In this embodiment, the consciousness data refers to the results of the patient's consciousness or cognitive level assessment, such as the score obtained from the Glasgow Coma Scale and the score obtained from the RASS Sedation Assessment Scale; the input/output fluid data refers to the amount of fluid injected into the patient's body within a predetermined time, or the amount of fluid discharged by the patient, such as the amount of infusion, injection, amount of fluid ingested in the diet, urine volume, etc.; the respiratory function data refers to the data related to the patient's respiratory or/and cardiopulmonary function status, such as the number of days wearing respiratory assist devices, peak airway pressure (PIP), mean airway pressure (MAP), respiratory rate; the physiological parameter data refers to the patient's physiological data, such as age, weight, body mass index, etc.

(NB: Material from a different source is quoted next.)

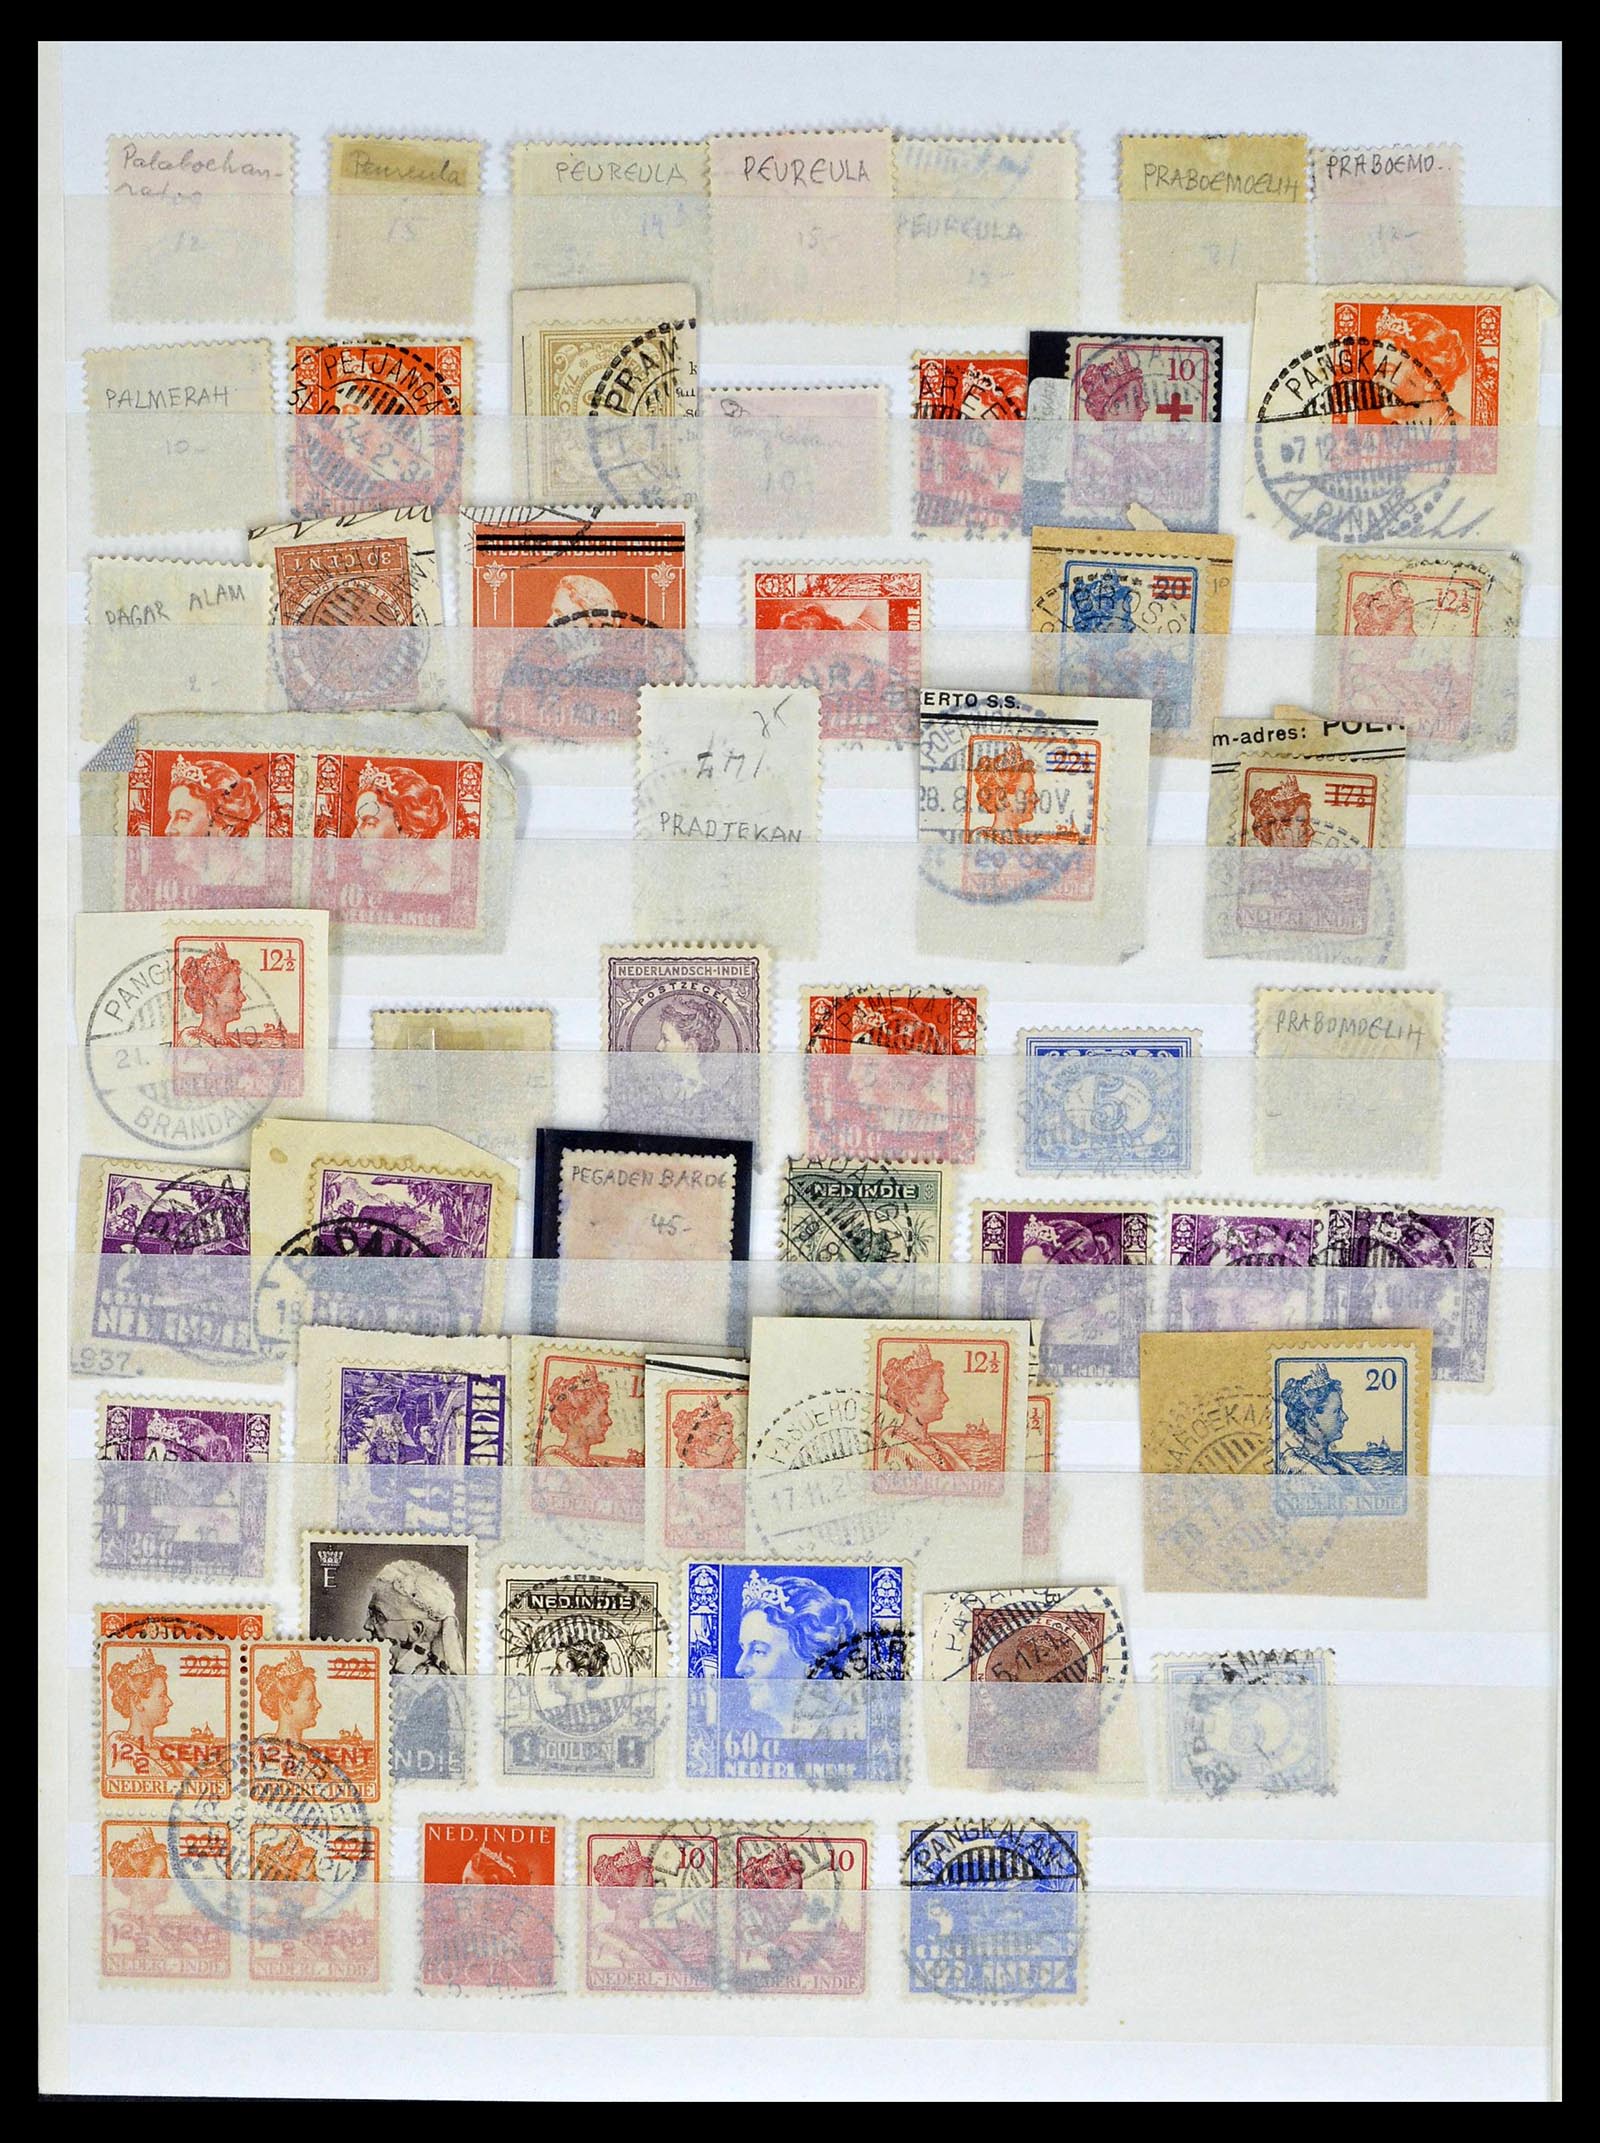 38783 0287 - Stamp collection 38783 Dutch east Indies cancels 1870-1948.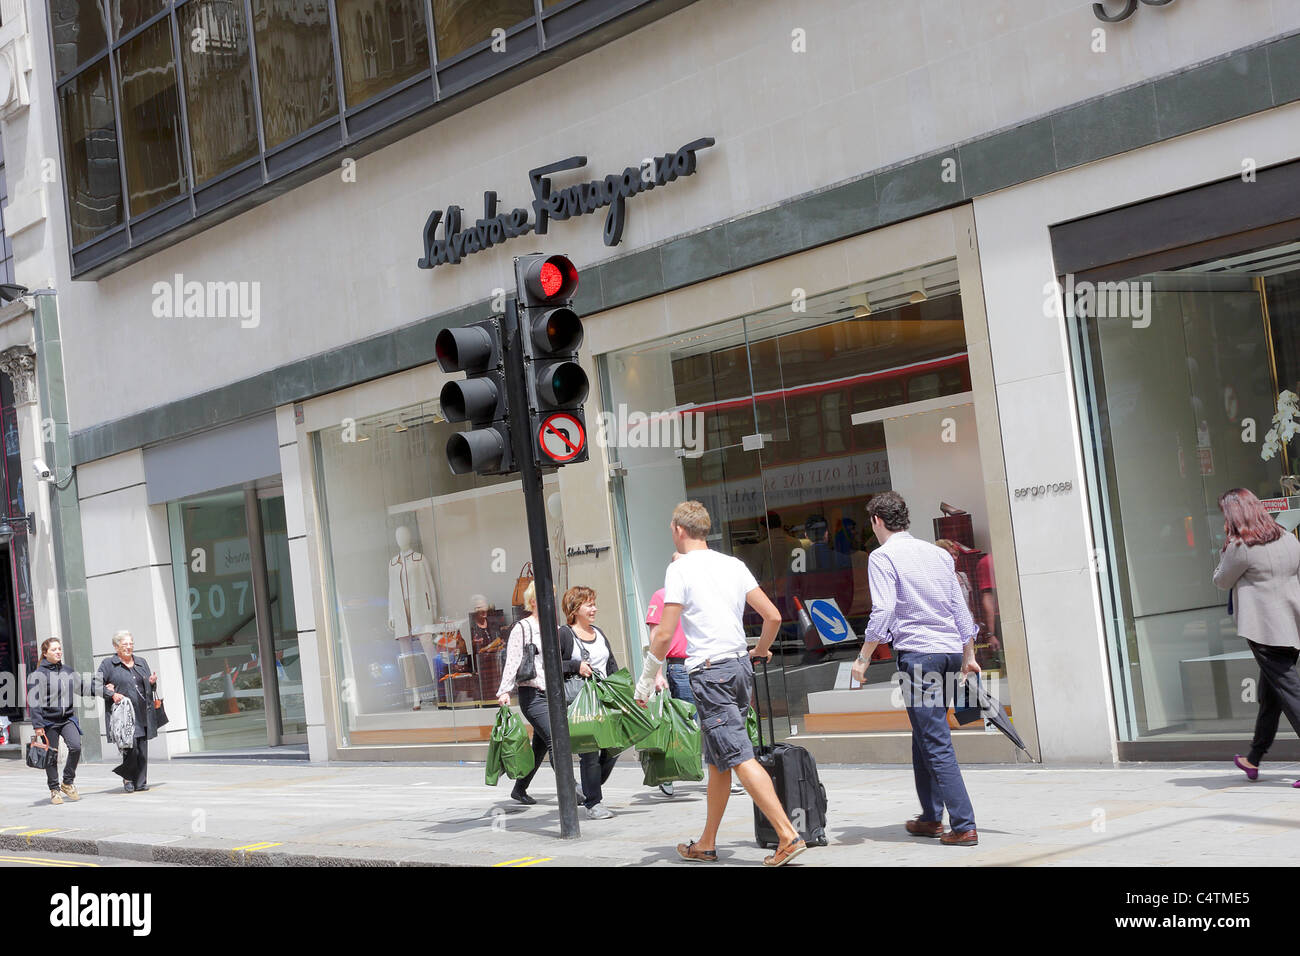 Salvatore ferragamo outlet hi-res stock photography and images - Alamy

The processing device 30 is a hardware capable of executing a series of programs, instructions or operating data, such as a computer, a computer processor, etc. The processing device has a data processing module 31, a model training module 32, a cannula extubation prediction module 33 and a visualization module 34; wherein: the data processing module 31 is used to process the characteristic data from the patient, including performing a data pre-processing procedure and a characteristic data acquisition procedure. Specifically, the data preprocessing procedure refers to the step of deleting or/and supplementing the characteristic data after the data processing module 31 reads the characteristic data of the patients in the database, that is, the data processing module receives a preset reasonable range of each characteristic and uses it as a judgment standard. When a characteristic data does not fall within the preset reasonable range, the characteristic data is deleted; and the quantity of the characteristic data is checked to see whether it meets a predetermined value. If it does not meet the predetermined value, it is determined that the characteristic data is missing, and the missing part of the data should be supplemented by taking the average value of the characteristic data. The key feature extraction process refers to the data processing module 31 reading the feature data of a patient to be tested and extracting data related to a key feature as a key feature data.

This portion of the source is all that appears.